= Sarah Marshall (American stage actress) =

American actress

Sarah Marshall (born 1955) is a stage actress working primarily in the Washington, D.C. region. She has been nominated for the Helen Hayes Award seventeen times and won the award in 1989.

==Early life and education==
Marshall was born in Kansas, the fifth of eight children in a Catholic military family. During her childhood, she lived in several places in the South. Most of her family currently resides in the south.

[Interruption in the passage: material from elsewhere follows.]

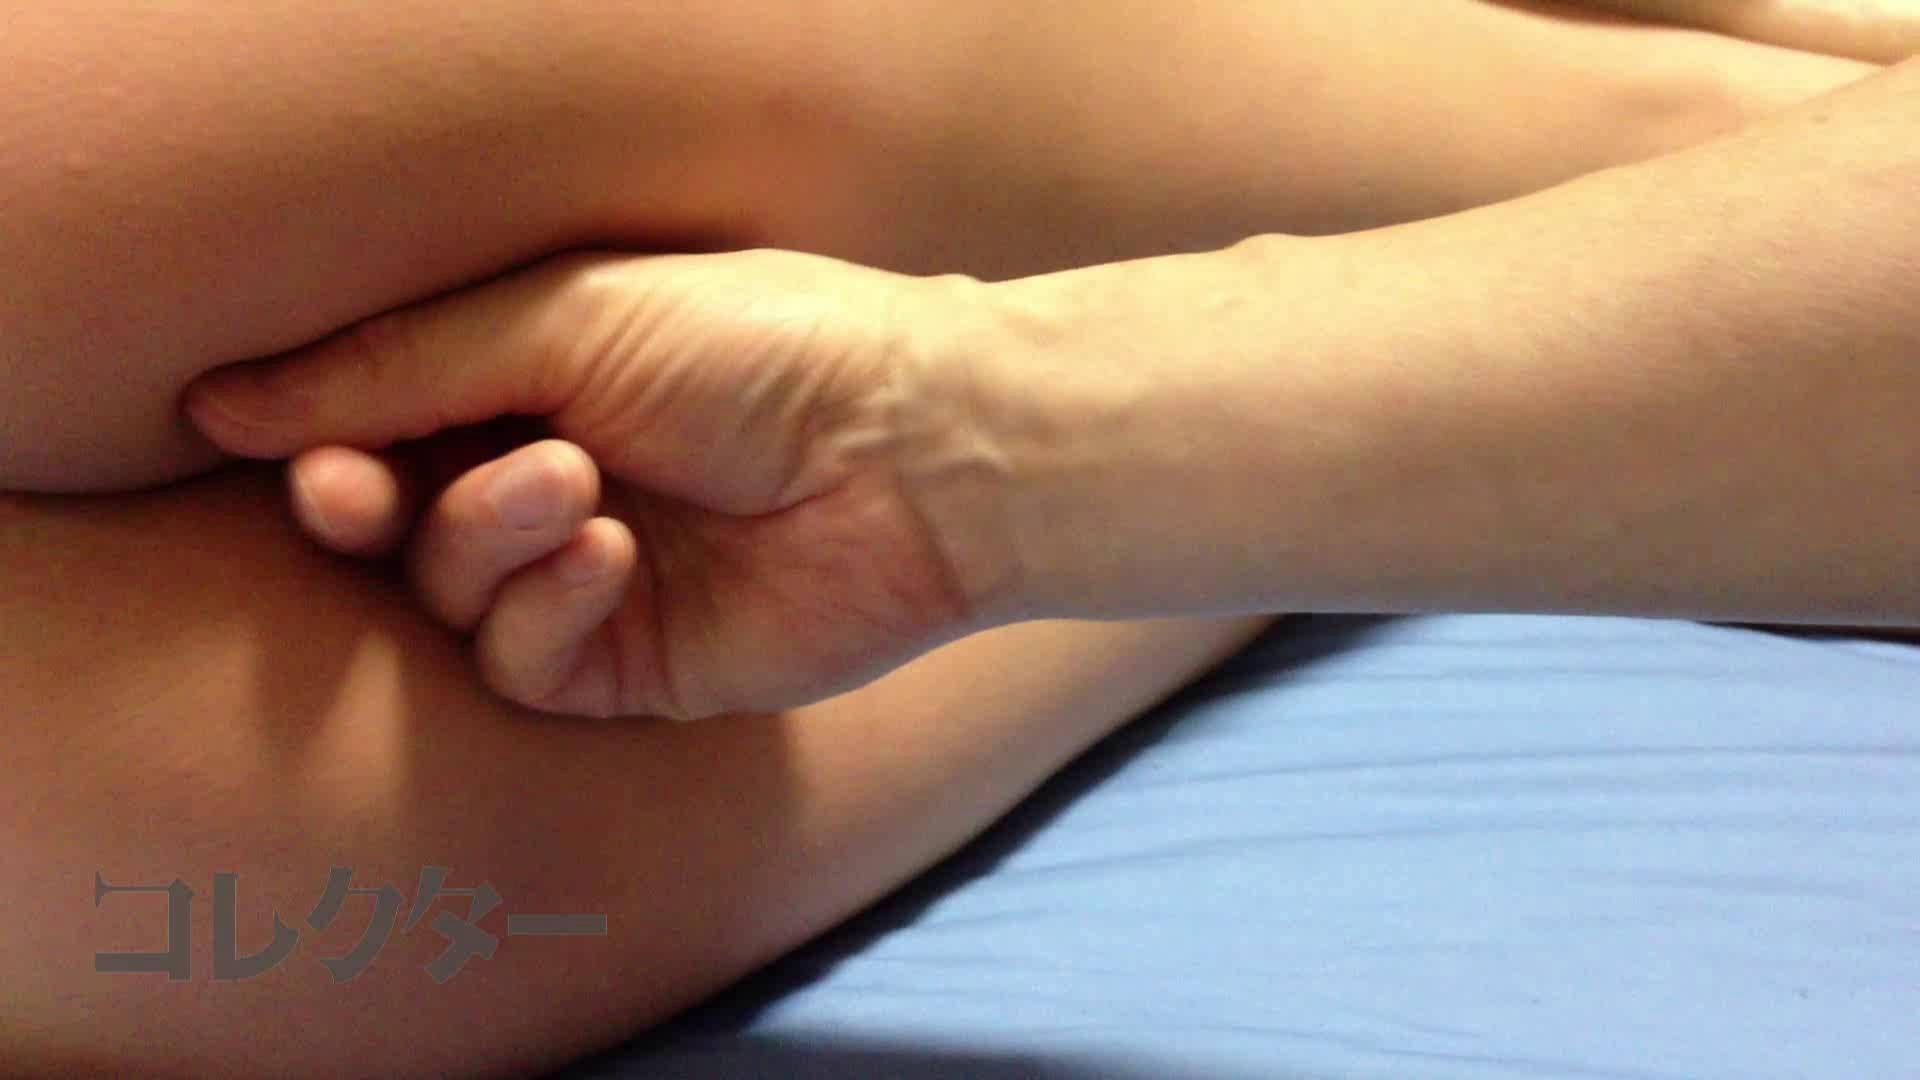 泥酔スレンダー美乳美女 美乳 | 反撃の悪戯  106pic 40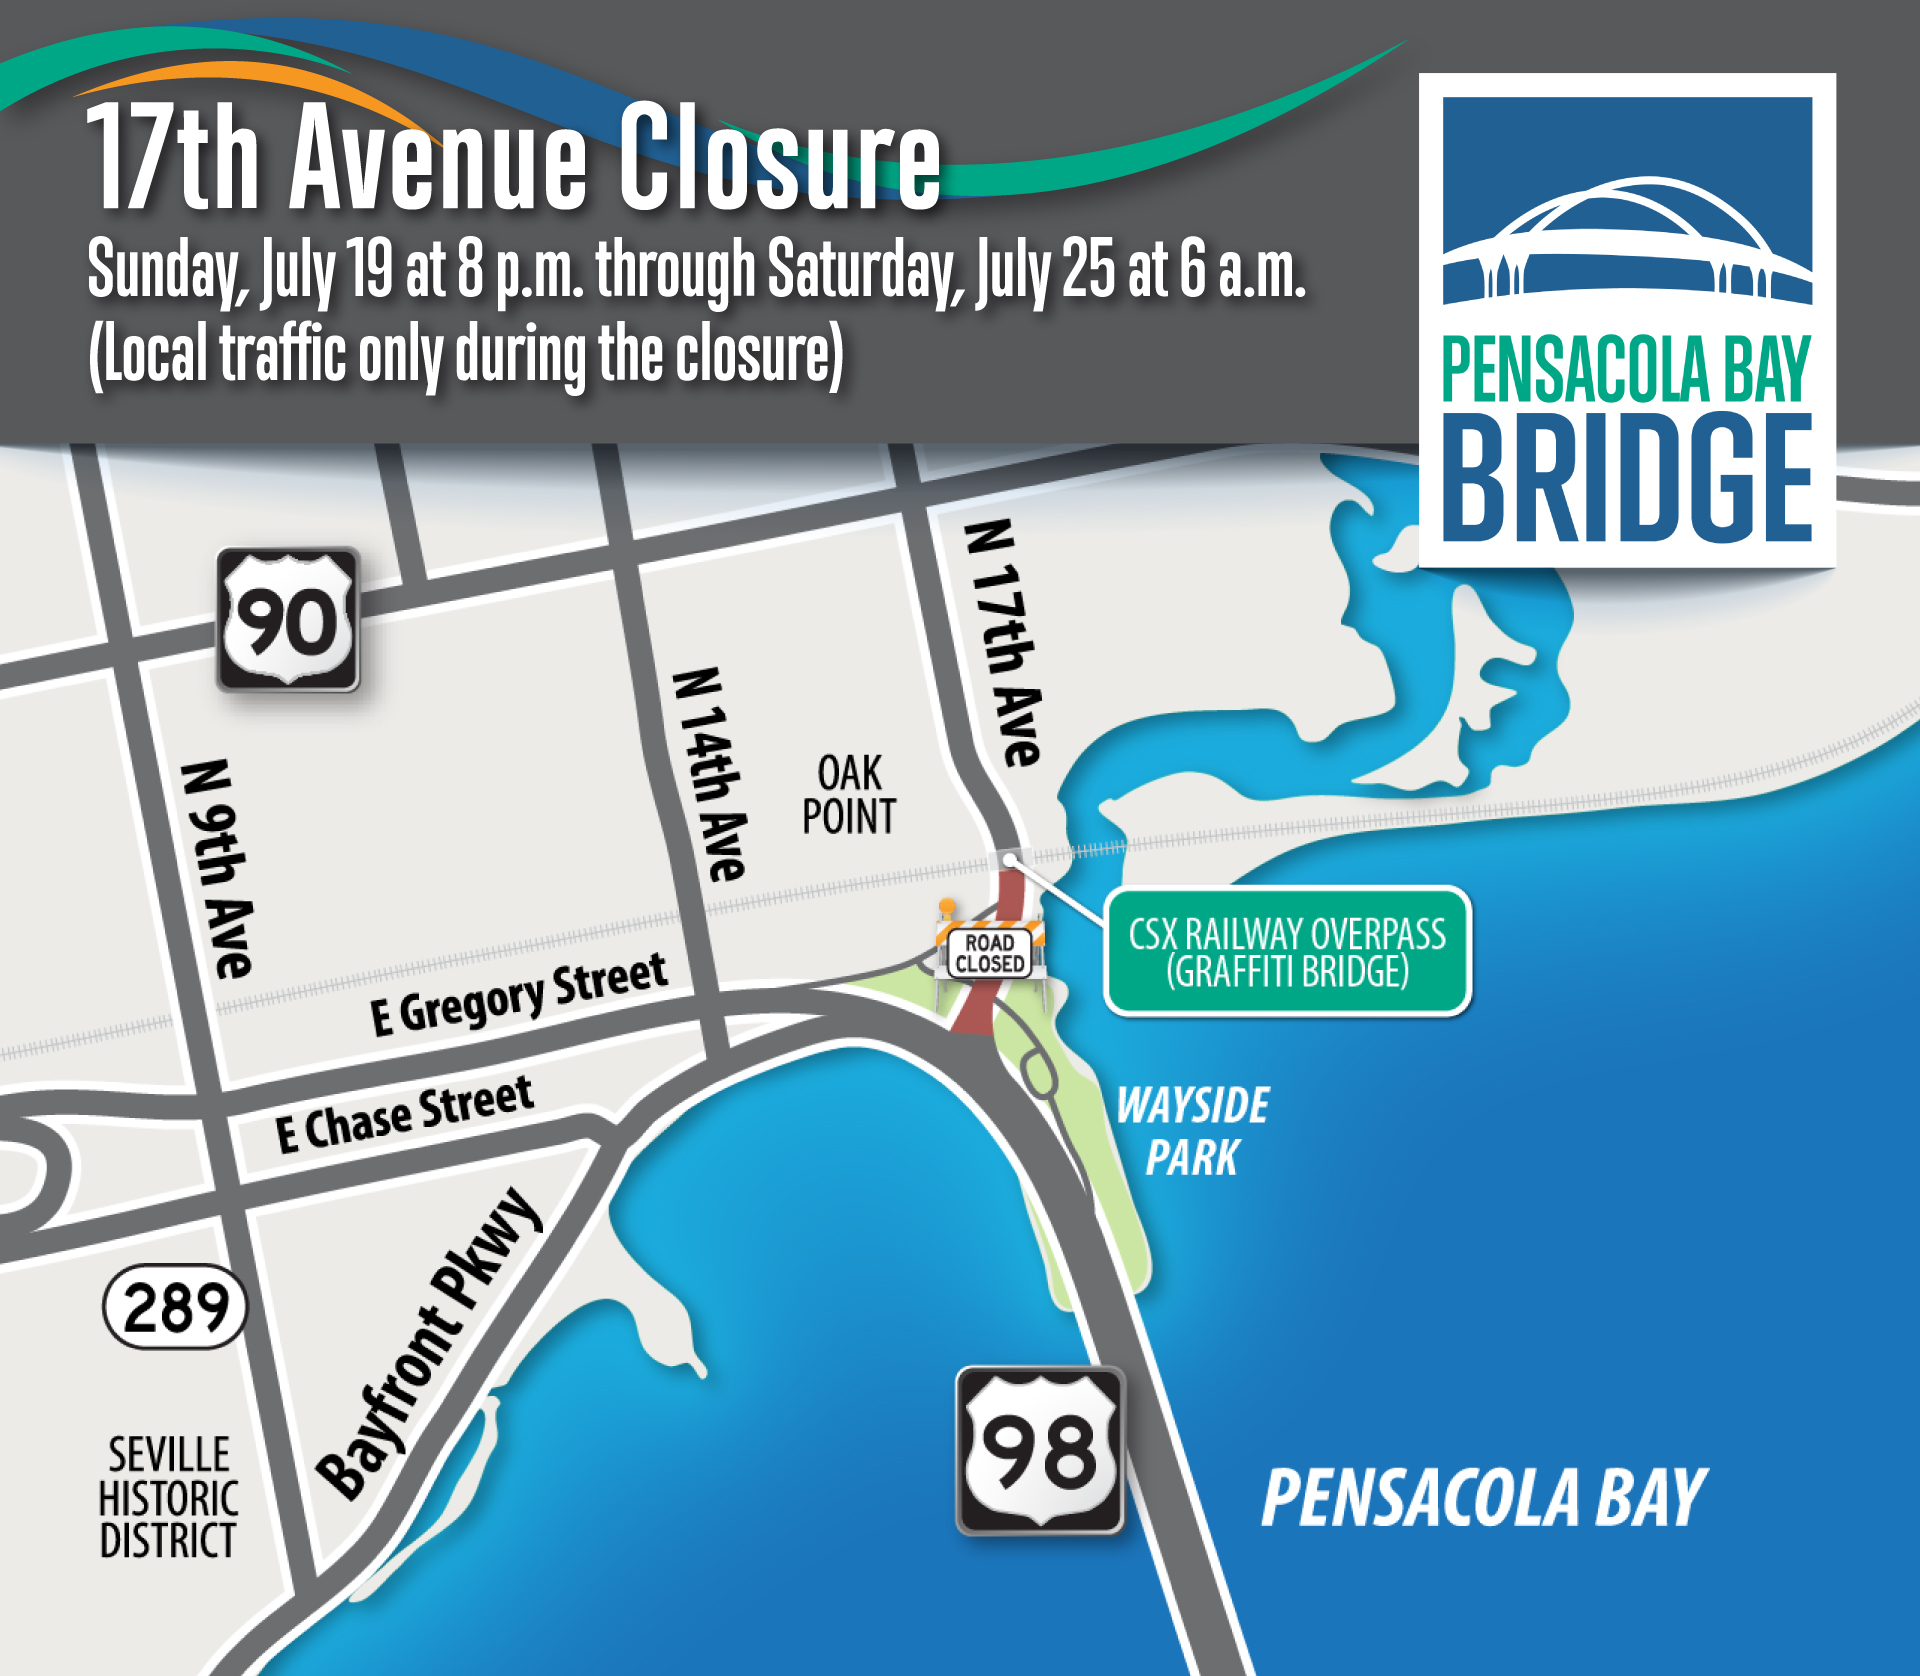 Seventeenth Avenue closure, July 19-25

As a child, Marshall and her siblings produced plays at their home.
Marshall decided to become an actress in the seventh grade after winning a citywide monologue competition in Huntsville, Alabama. Playing the comedic role of the maid in her middle school's production of Junior Miss led her to focus on character acting. She acted throughout high school and college, graduating from Birmingham-Southern College with a degree in theater.

==Career beginnings==
Marshall moved to Washington with the intent of attending graduate school at Catholic University or American University, but enrolled in classes at the Studio Theatre Acting Conservatory instead, working as a maid to support herself. During the 1980s, Marshall performed in nine Studio Theatre productions, including a 1983 role as Jo, a pregnant waif in Shelagh Delaney's A Taste of Honey, termed Marshall's "breakthrough performance" by friend and Studio Theatre Artistic Director Joy Zinoman. She also drew attention for her roles in Studio Theatre's Miss Margarida's Way and My Sister is in This House, for which she received her first Helen Hayes nomination.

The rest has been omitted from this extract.